Information given:
= Beginning of Section =

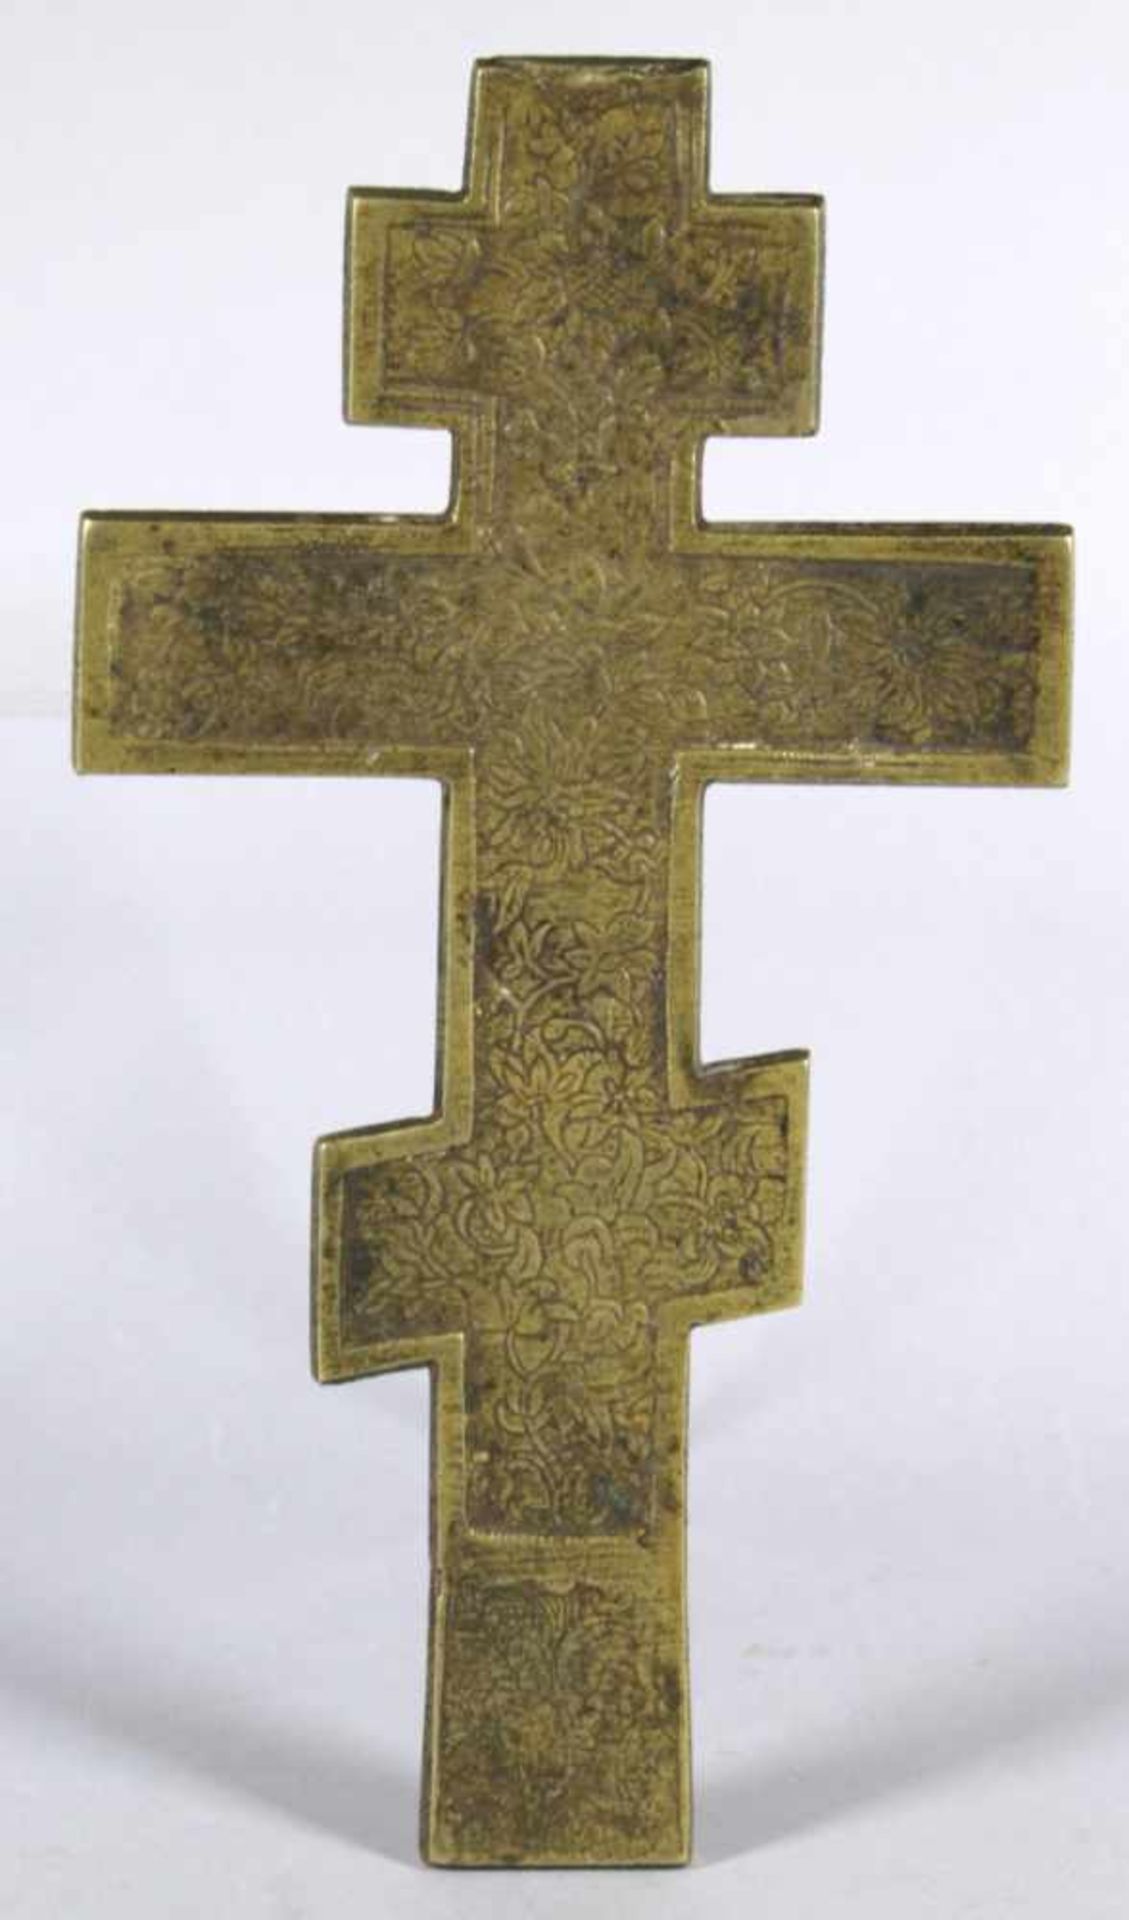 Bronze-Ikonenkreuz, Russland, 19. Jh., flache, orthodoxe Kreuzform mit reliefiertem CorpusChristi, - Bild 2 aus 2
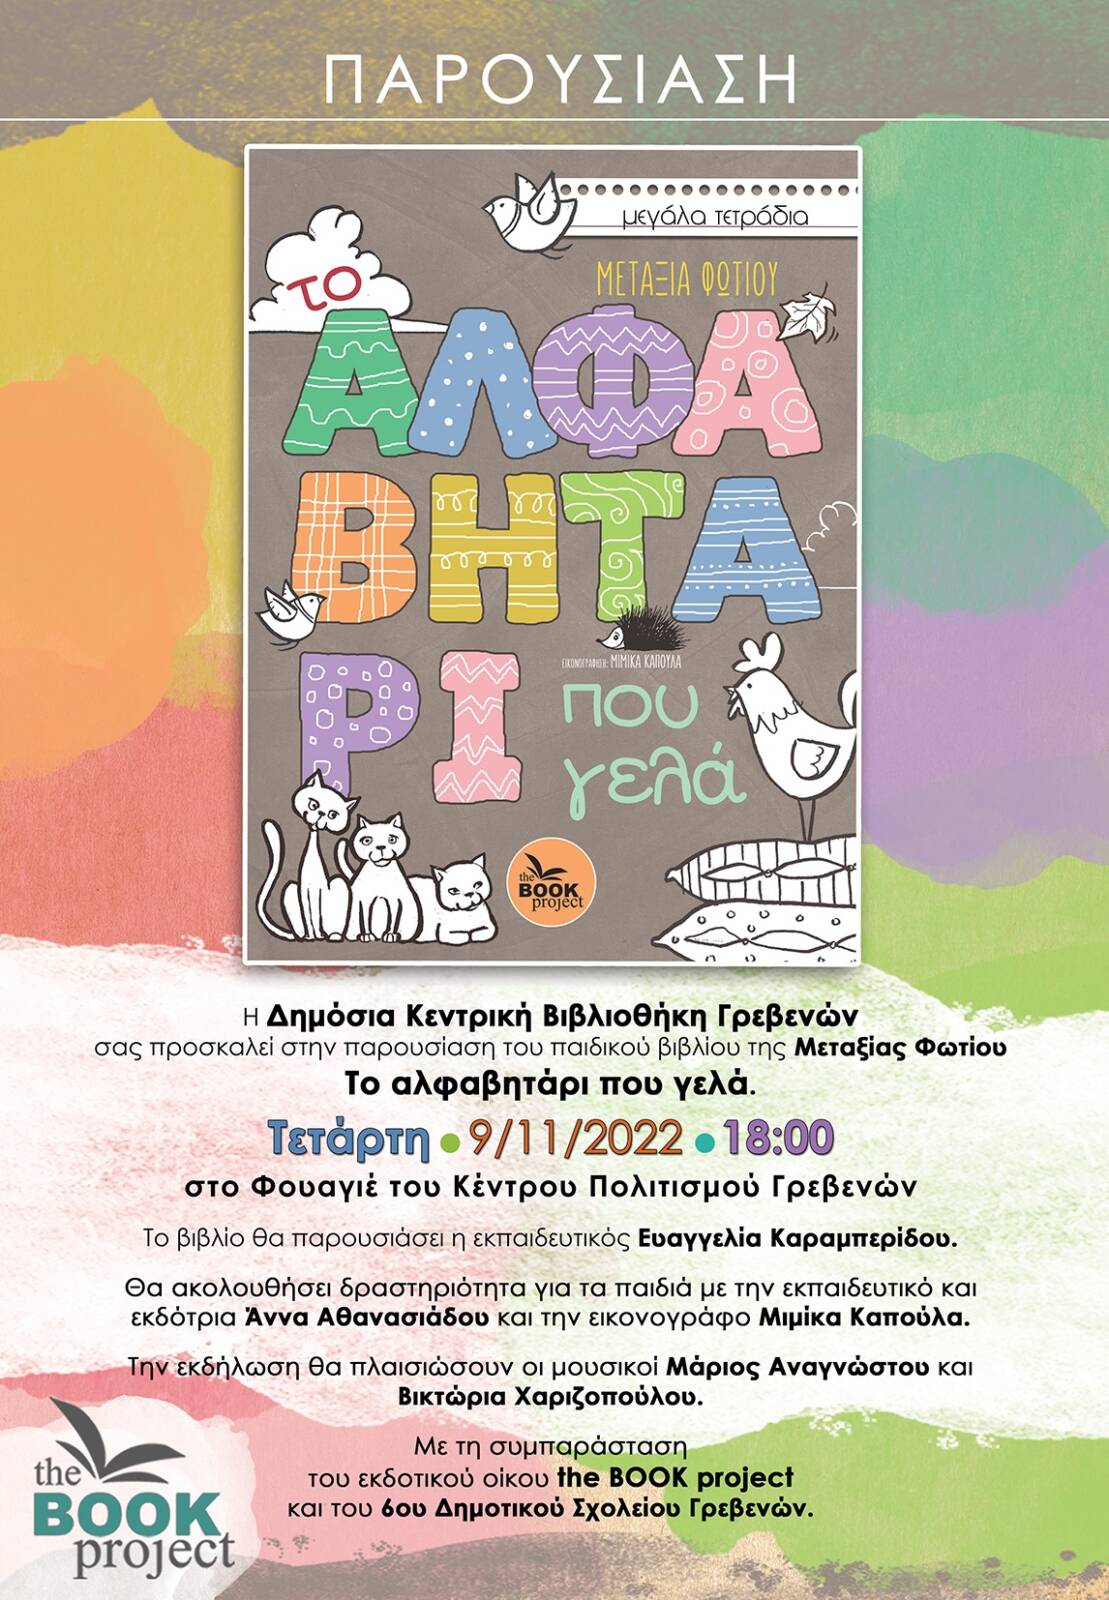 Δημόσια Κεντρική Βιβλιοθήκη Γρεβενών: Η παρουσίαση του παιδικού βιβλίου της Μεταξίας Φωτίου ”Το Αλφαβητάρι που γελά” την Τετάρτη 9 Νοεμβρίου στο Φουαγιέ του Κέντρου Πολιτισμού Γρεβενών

= End of Section =
= Beginning of Section =

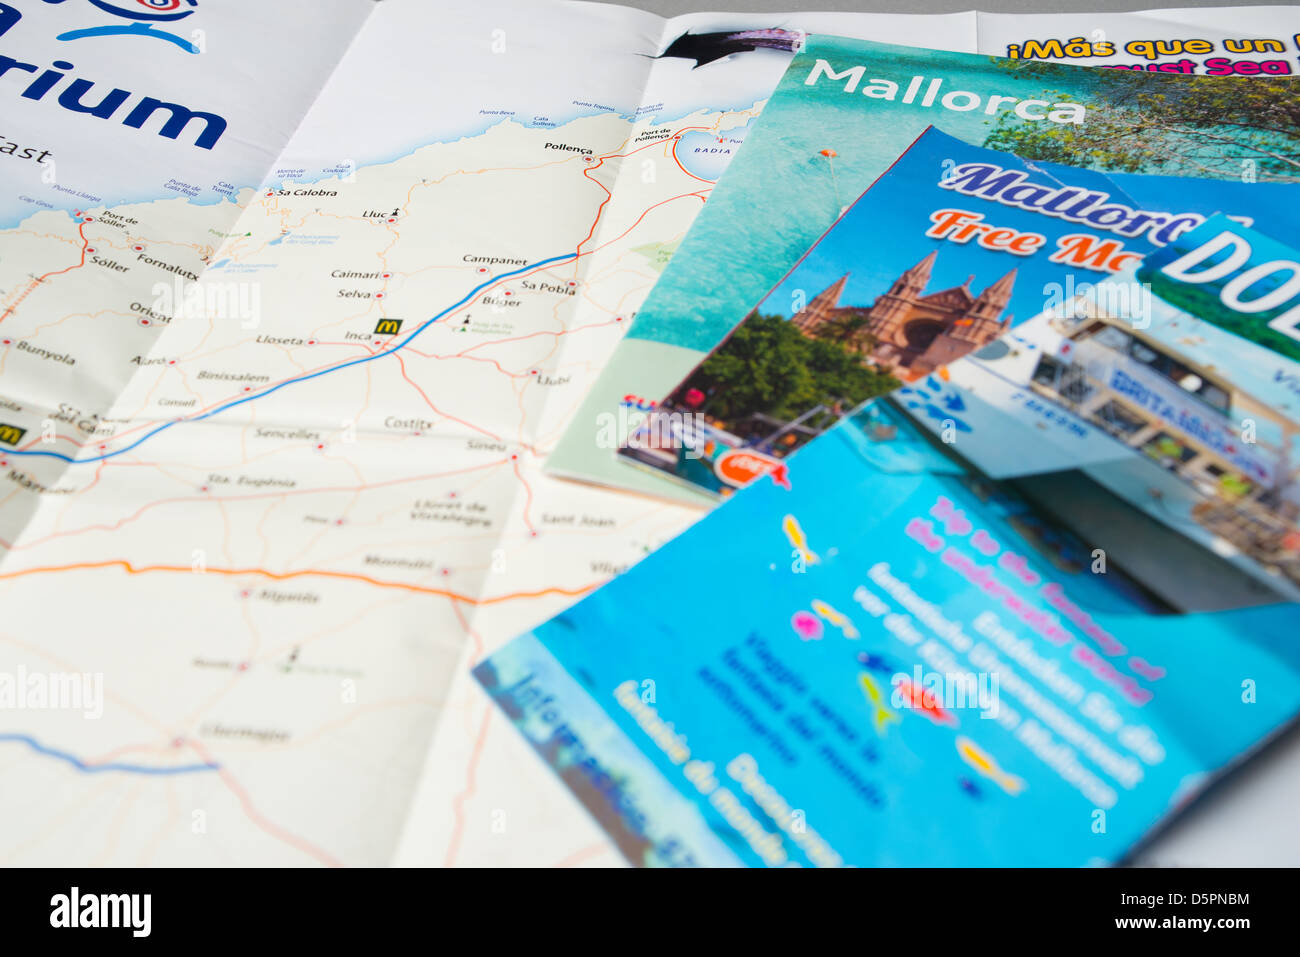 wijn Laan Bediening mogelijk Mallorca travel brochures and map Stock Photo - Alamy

= End of Section =

Work order:
Excluding any pictures, print exactly the lines of the listing above from the line with "Bronze-Ikonenkreuz, Russland, 19." to the line with "Δημόσια Κεντρική Βιβλιοθήκη", both ends included.

Answer box:
 Bronze-Ikonenkreuz, Russland, 19. Jh., flache, orthodoxe Kreuzform mit reliefiertem CorpusChristi, - Bild 2 aus 2
 Δημόσια Κεντρική Βιβλιοθήκη Γρεβενών: Η παρουσίαση του παιδικού βιβλίου της Μεταξίας Φωτίου ”Το Αλφαβητάρι που γελά” την Τετάρτη 9 Νοεμβρίου στο Φουαγιέ του Κέντρου Πολιτισμού Γρεβενών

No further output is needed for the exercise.